The resulting exhibition operated as a close reading of the house — the kind of topoanalytic forensics Gaston Bachelard describes in The Poetics of Space (1957). “In our daydreams, the house is a large cradle,” he writes. “It is our first universe.”
This framework was most explicit in the basement — Bachelard’s locus of irrationality and origin — where Jenikka Cruz staged a scene with undertones of horror: Drone music pulsed through the foundation. Braided black cables coiled across the floor, encircling a cluster of life-size figures. In the low light, they seemed to move.
Aboveground, Ali E. Meyer transformed a bathroom into a theater, projecting collaged fragments of childhood memory onto a frosted window. Gaeun Kim’s graphite rubbings made from doors were suspended from the ceiling — fragile impressions that swayed with the movement of the crowd and harkened to rubbings made from tombstones. In a bedroom, Nadia Ahmed turned a closet into a temporary reliquary for the scant remnants found onsite — a few door handles, tiles, oven knobs — drenched in ectoplastic, hot white wax. Beeswax-hardened crochet chains stretched across the walls, spelling out fragments of text taken from her high school diary.

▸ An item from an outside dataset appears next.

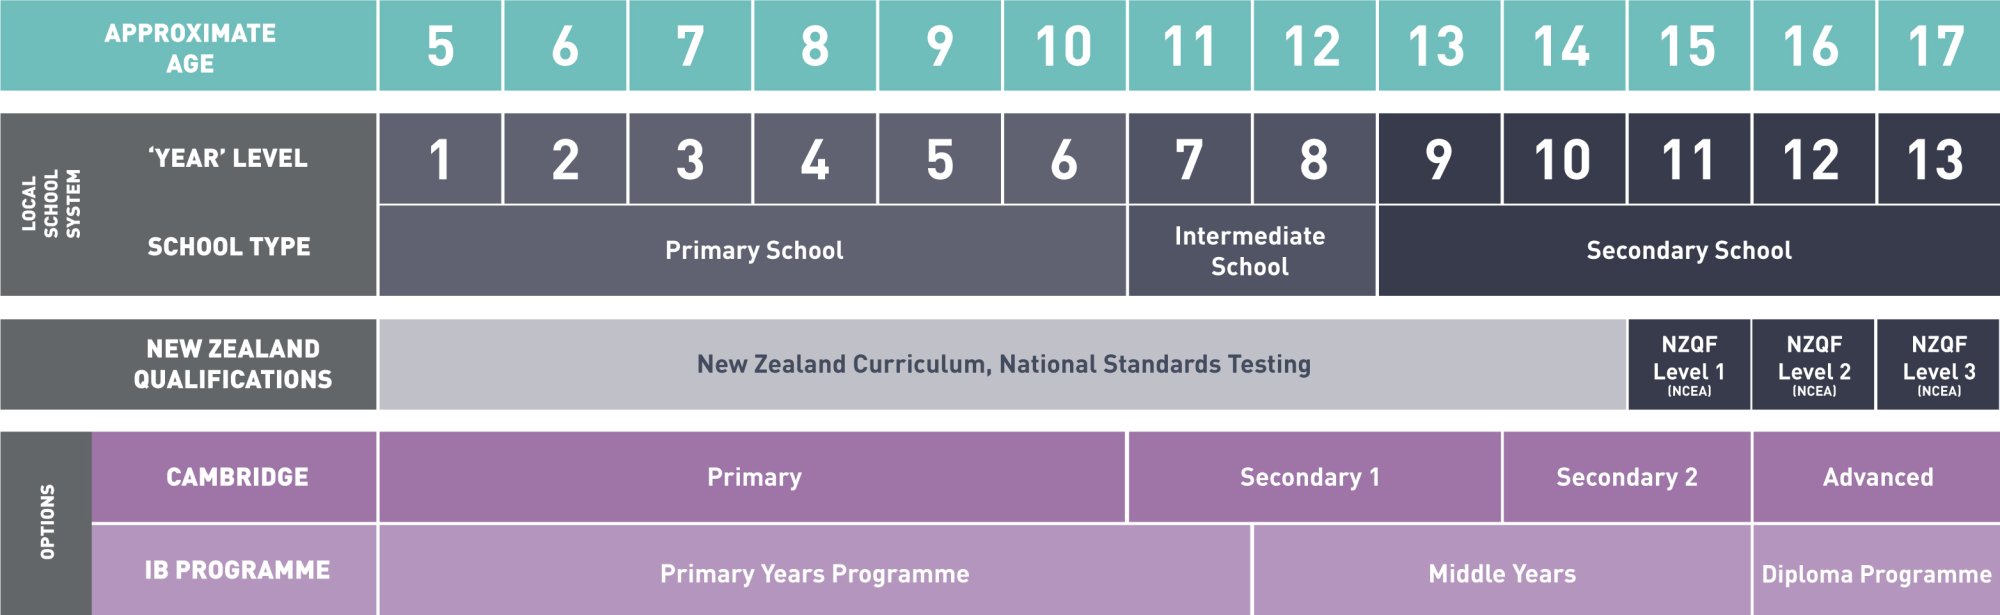 NZ_Education_School-pathway_Diagram-1.jpg

Rachael Comer’s “There Wasn’t One Single ‘Pavlov’s Dog’” (2026) encoded another bedroom as the site of dream, desire, and innocence lost. Glow-in-the-dark stars punctuated the ceiling above a pair of glittery platform heels kicked off at the foot of the bed. Beneath the covers, a hollowed form — made from cornstarch-hardened sheets molded to Comer’s body — invited visitors to look inside. There, a laptop looped a video compiling over 100 porn search queries crowdsourced from anonymous respondents. Nodding to Tracey Emin, the piece oscillated between intimacy and exposure, tracing a generational arc of sexual awakening shaped by the internet.
Approximately 350 visitors attended the opening. Over the course of the evening, the event shifted shape from exhibition to performance to social gathering, with a DJ extending the party into the night.

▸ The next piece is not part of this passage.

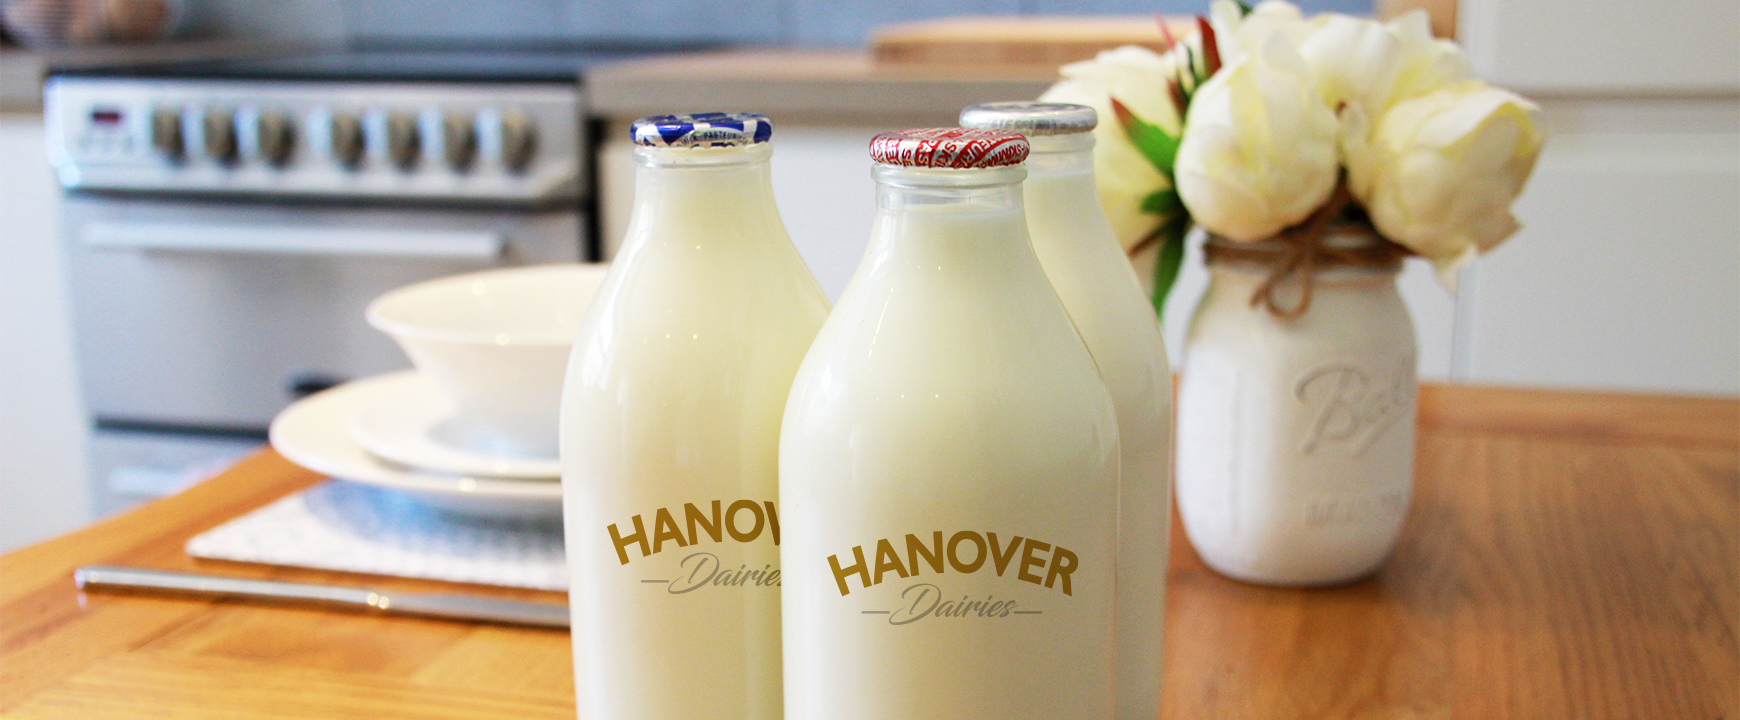 hanover-dairies-case-study-hero

“There’s a lot of discourse right now about how we’ve lost house parties and the culture around them,” said Skidmore. “That’s what we’re bringing back — but with more intention than just blacking out on Four Loko. People are hungry for it.”
The house remained accessible by appointment throughout the week before it was demolished in early March. Most of the work was left in situ. Prior to demolition, Hensley and Skidmore installed a cheap security camera on one living room wall, capturing the destruction from within. The footage — a collage of collapsing debris interspersed with time-lapse footage taken from across the street — lives on their Instagram page.

From the outset, Once Removed was never conceived as a one-off event. Before they got the keys to the first house, the two were already planning the second and third — each iteration telling a different story.
“We’re thinking of it similar to issues of a magazine,” Skidmore said. “Each space will take on a new life.”
The next installment will take place in West Seattle on June 13, followed by a third in the Ballard neighborhood later this summer. This time, the owners and developers reached out to them first. The West Seattle site — a midcentury two-story constructed in 1947 — comes with the original kitchen, wood-panneled walls, and a view of Puget Sound. Participating artists comprise a bicoastal cohort who were invited or reached out to Hensley and Skidmore with proposals. As with the first house, there won’t be a theme, but they anticipate an entirely different look, with more color and a dash of springtime levity. But it will ultimately depend on the artists.
“There’s something important about the impermanence of it all,” says Hensley. “For a few hours, you create a space where people can encounter something unexpected — something they didn’t know they were looking for.”